§ **Work item**
Quote the listing below in its entirety, omitting every image.
____ Information supplied
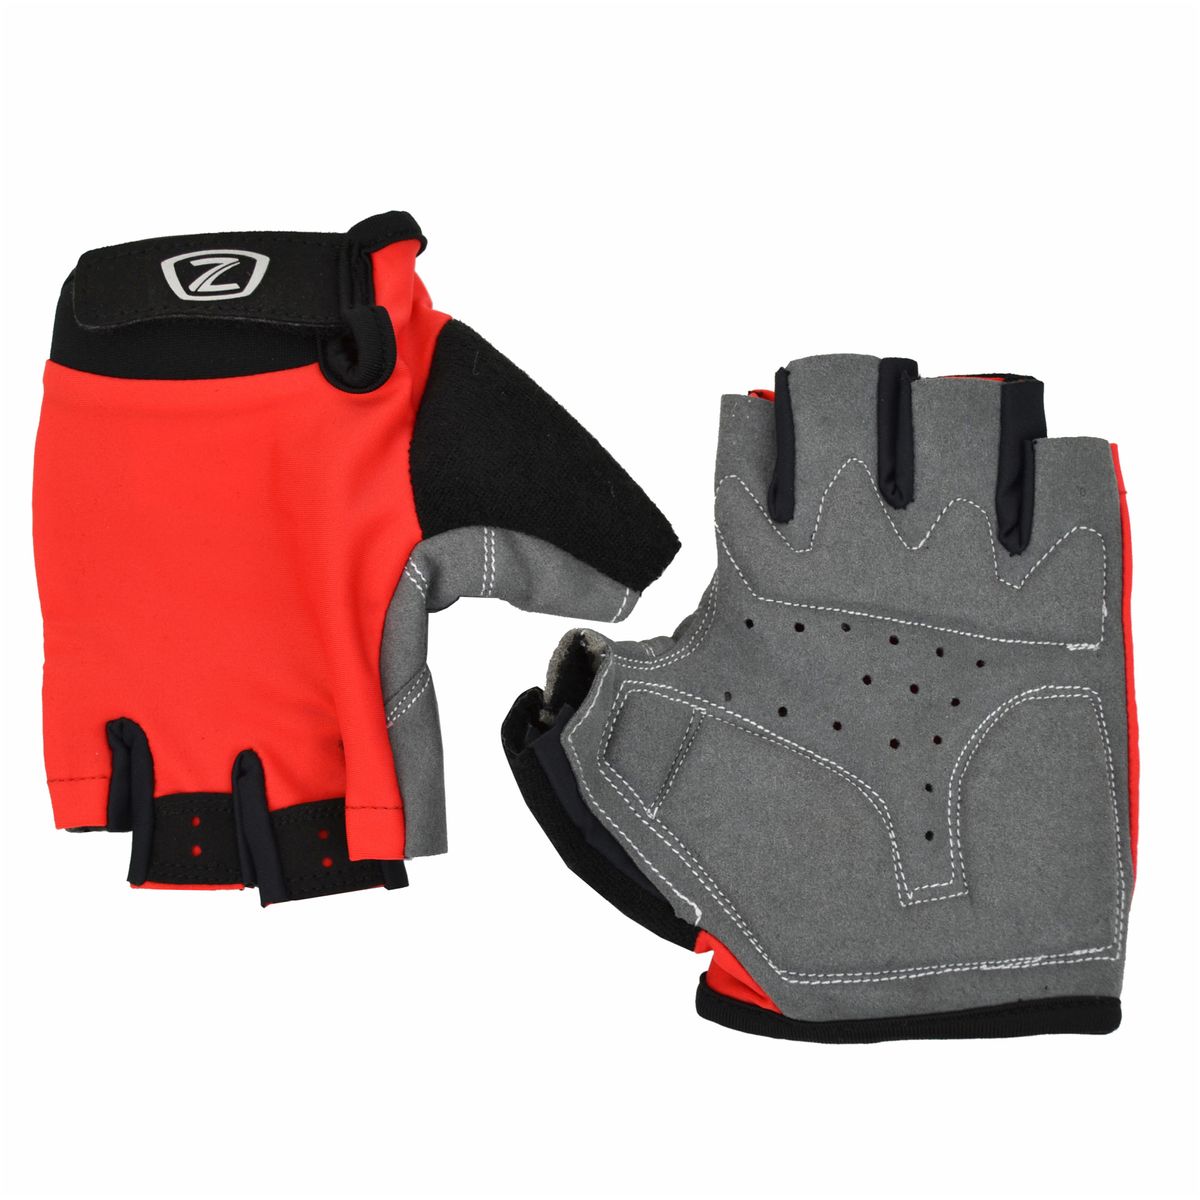 [RDY] [送料無料] Zefal フィンガーレス コンフォート バイクグローブ (L-XL) [楽天海外通販] | Zefal Fingerless Comfort Bike Gloves (L-XL)
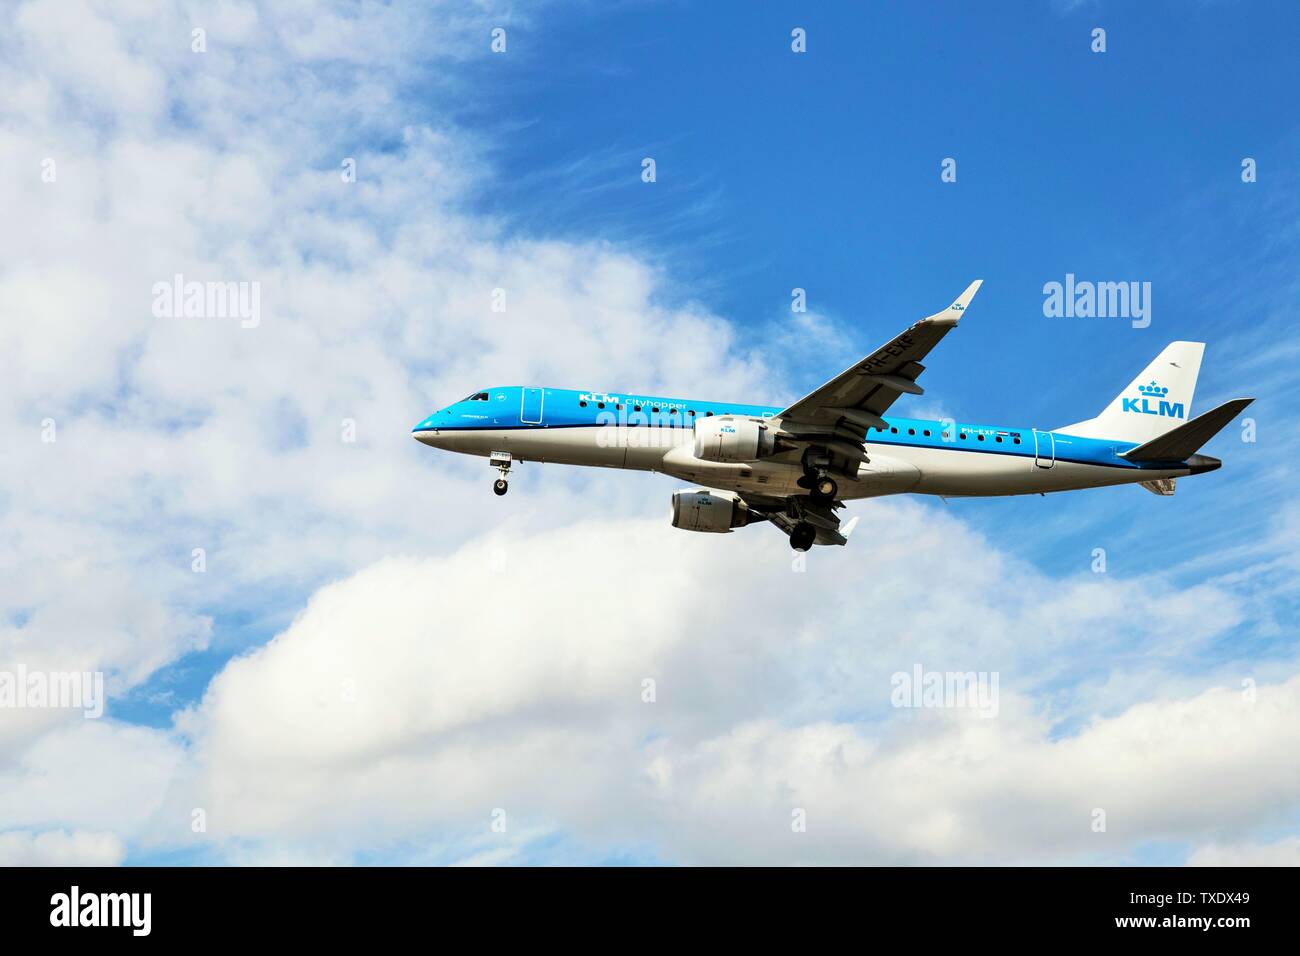 KLM Royal Dutch Airlines of Netherlands aeroplane landing at London, UK Stock Photo
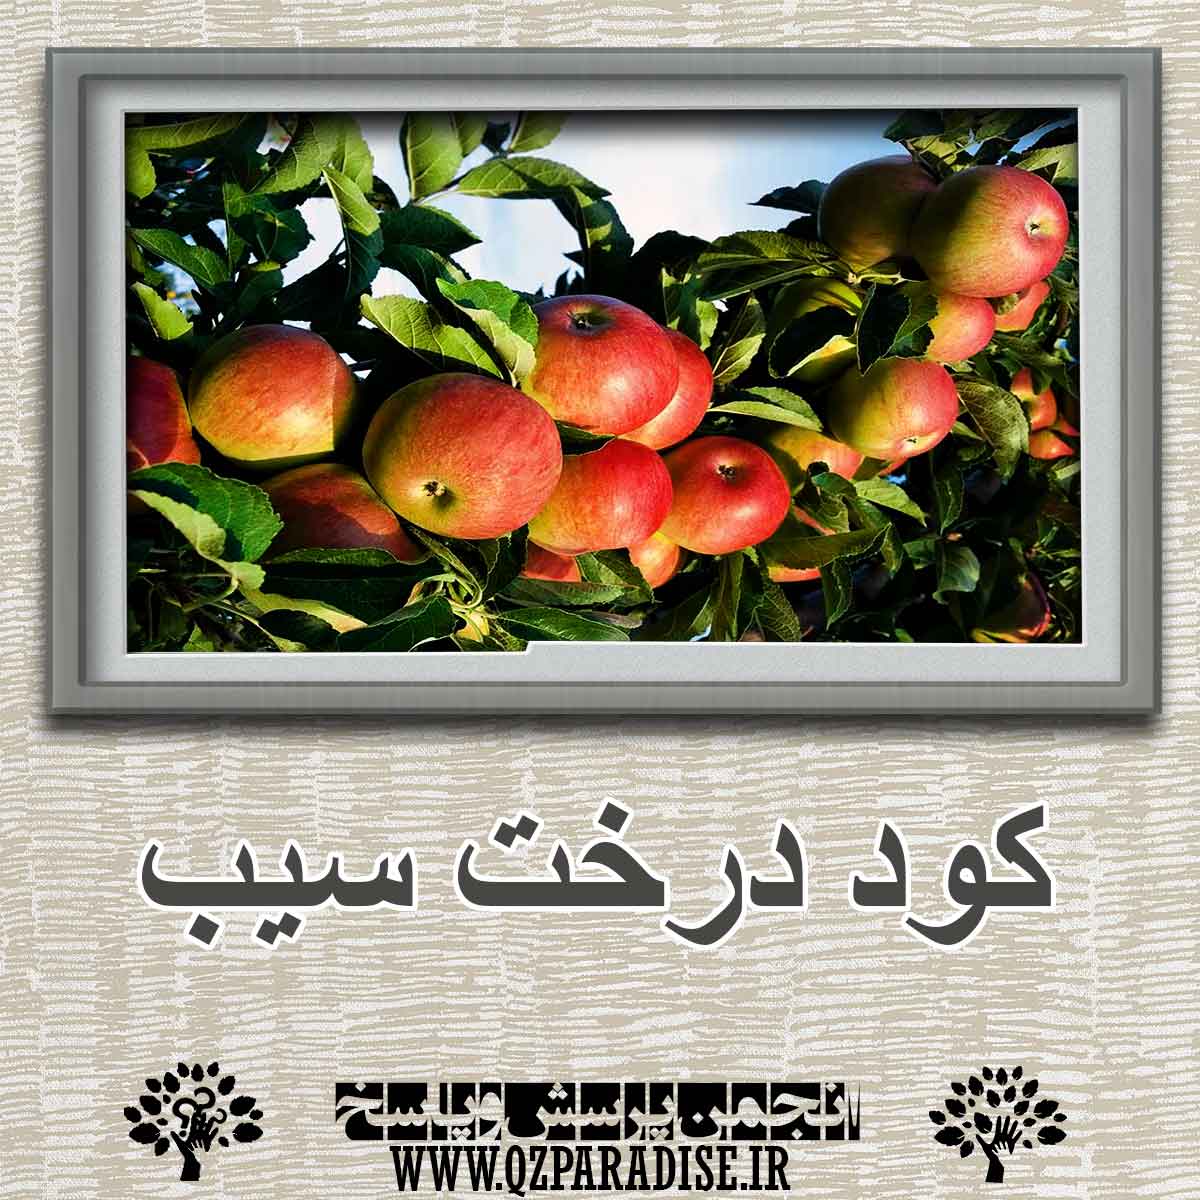 523af331a696aaff4b2a827a9fedcc4351847ba6 290 - بهترین کود برای درخت سیب چیست؟
________
§ **Task result**
 [RDY] [送料無料] Zefal フィンガーレス コンフォート バイクグローブ (L-XL) [楽天海外通販] | Zefal Fingerless Comfort Bike Gloves (L-XL)
 KLM Royal Dutch Airlines of Netherlands aeroplane landing at London, UK Stock Photo
 523af331a696aaff4b2a827a9fedcc4351847ba6 290 - بهترین کود برای درخت سیب چیست؟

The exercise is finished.